## Directions:
Please print the full listing below exactly, but not the pictures in it.

## Material provided:
----

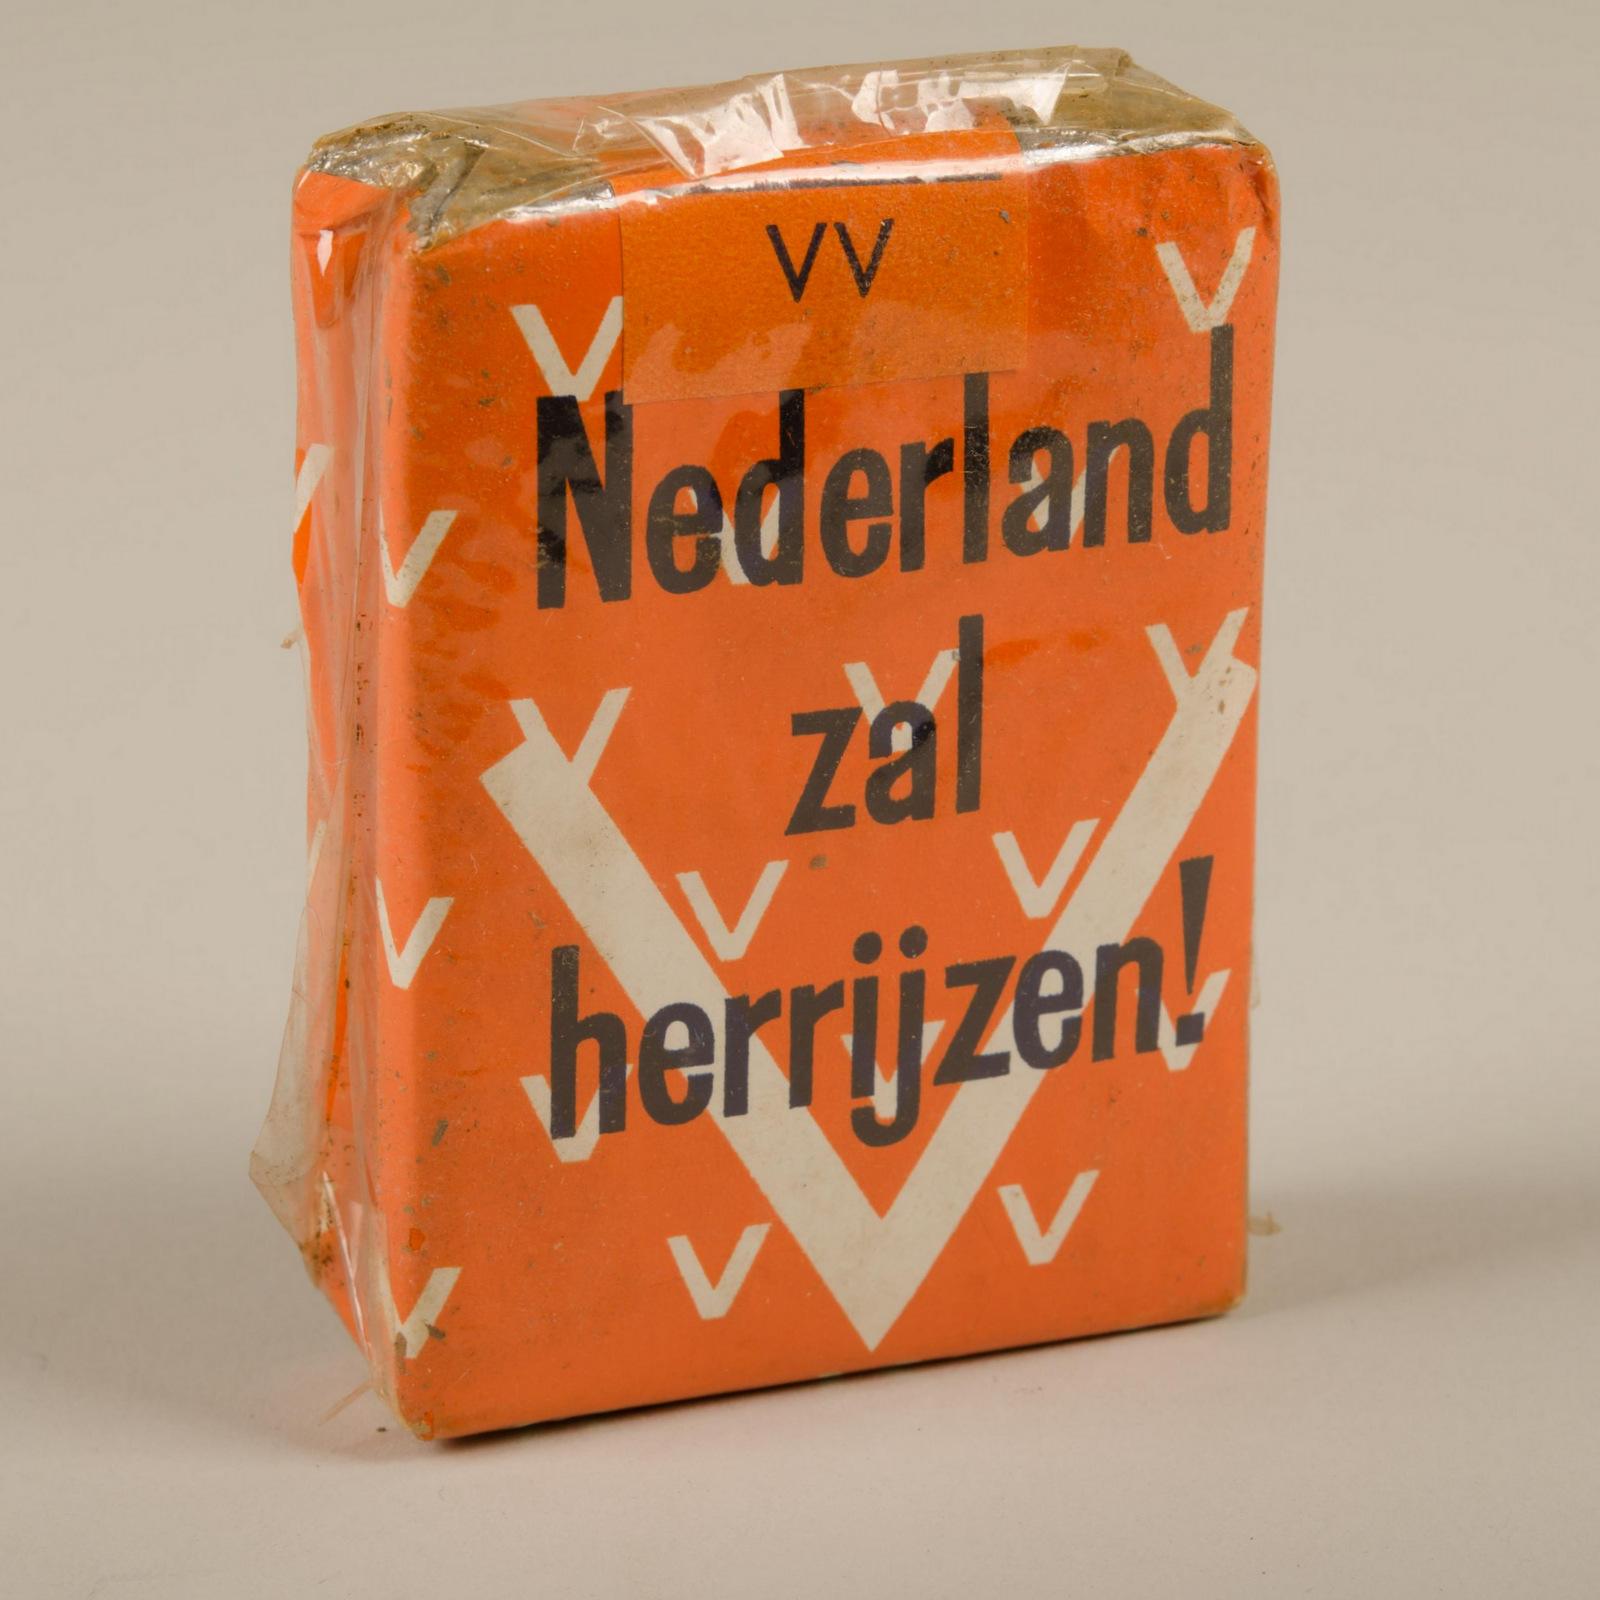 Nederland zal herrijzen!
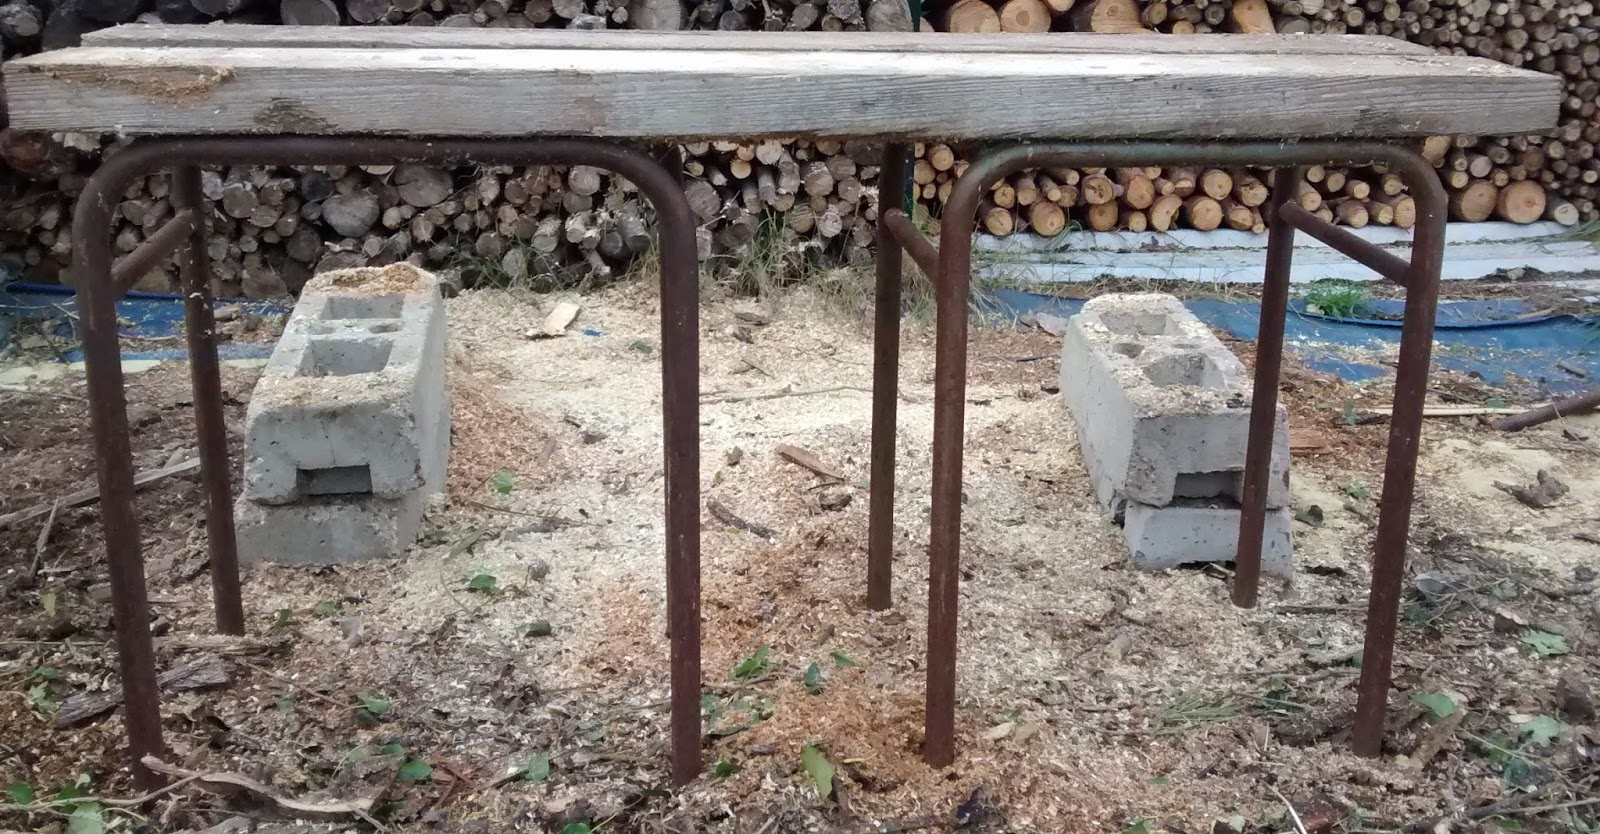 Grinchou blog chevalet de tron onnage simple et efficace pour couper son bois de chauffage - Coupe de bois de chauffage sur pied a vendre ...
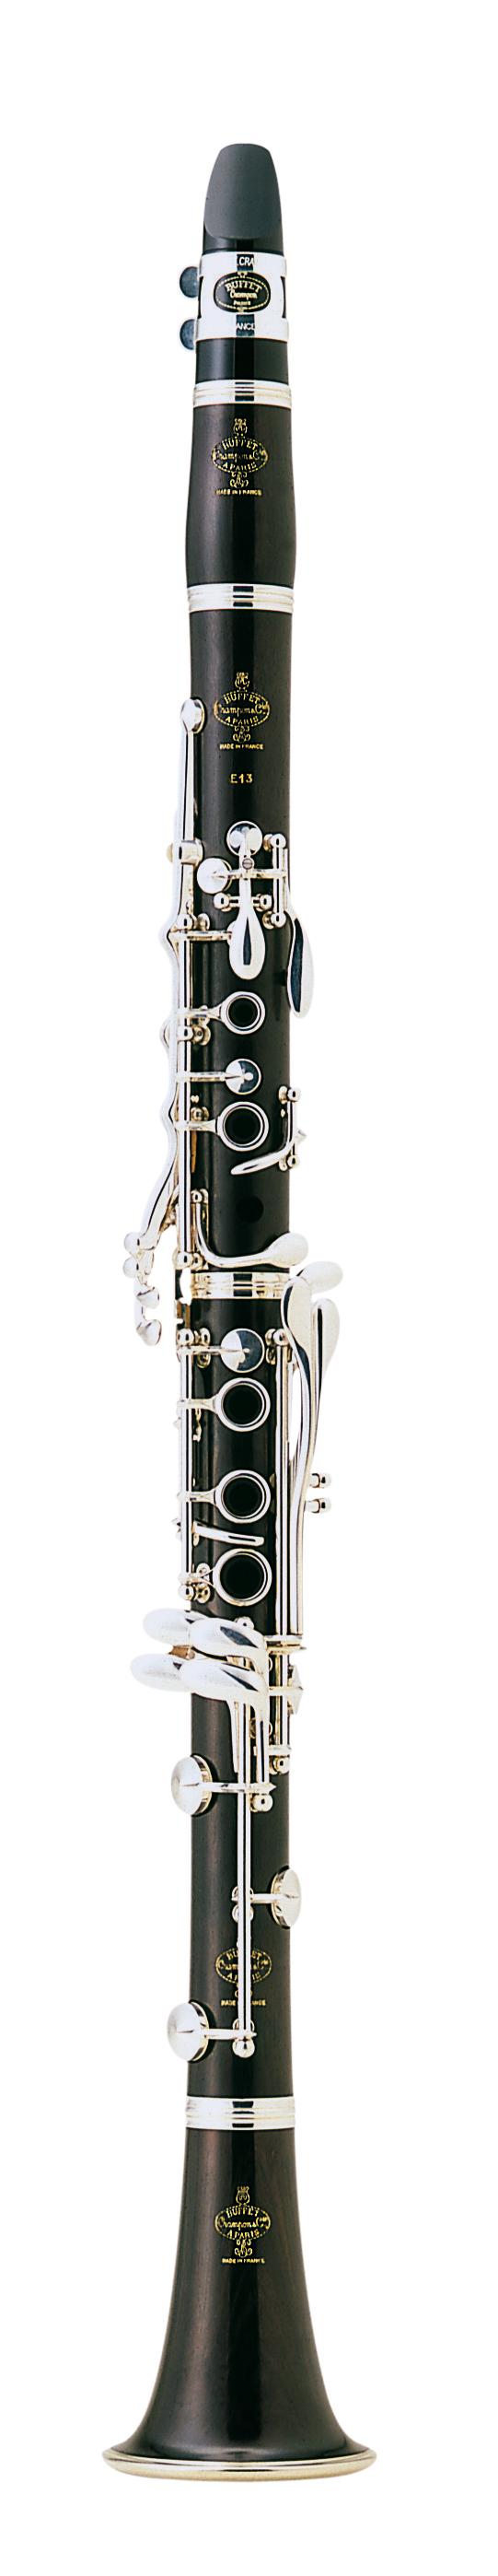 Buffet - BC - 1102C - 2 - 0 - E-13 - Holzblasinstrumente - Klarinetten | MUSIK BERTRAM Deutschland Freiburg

----

## Your solution:
 Nederland zal herrijzen!
 Grinchou blog chevalet de tron onnage simple et efficace pour couper son bois de chauffage - Coupe de bois de chauffage sur pied a vendre ...
 Buffet - BC - 1102C - 2 - 0 - E-13 - Holzblasinstrumente - Klarinetten | MUSIK BERTRAM Deutschland Freiburg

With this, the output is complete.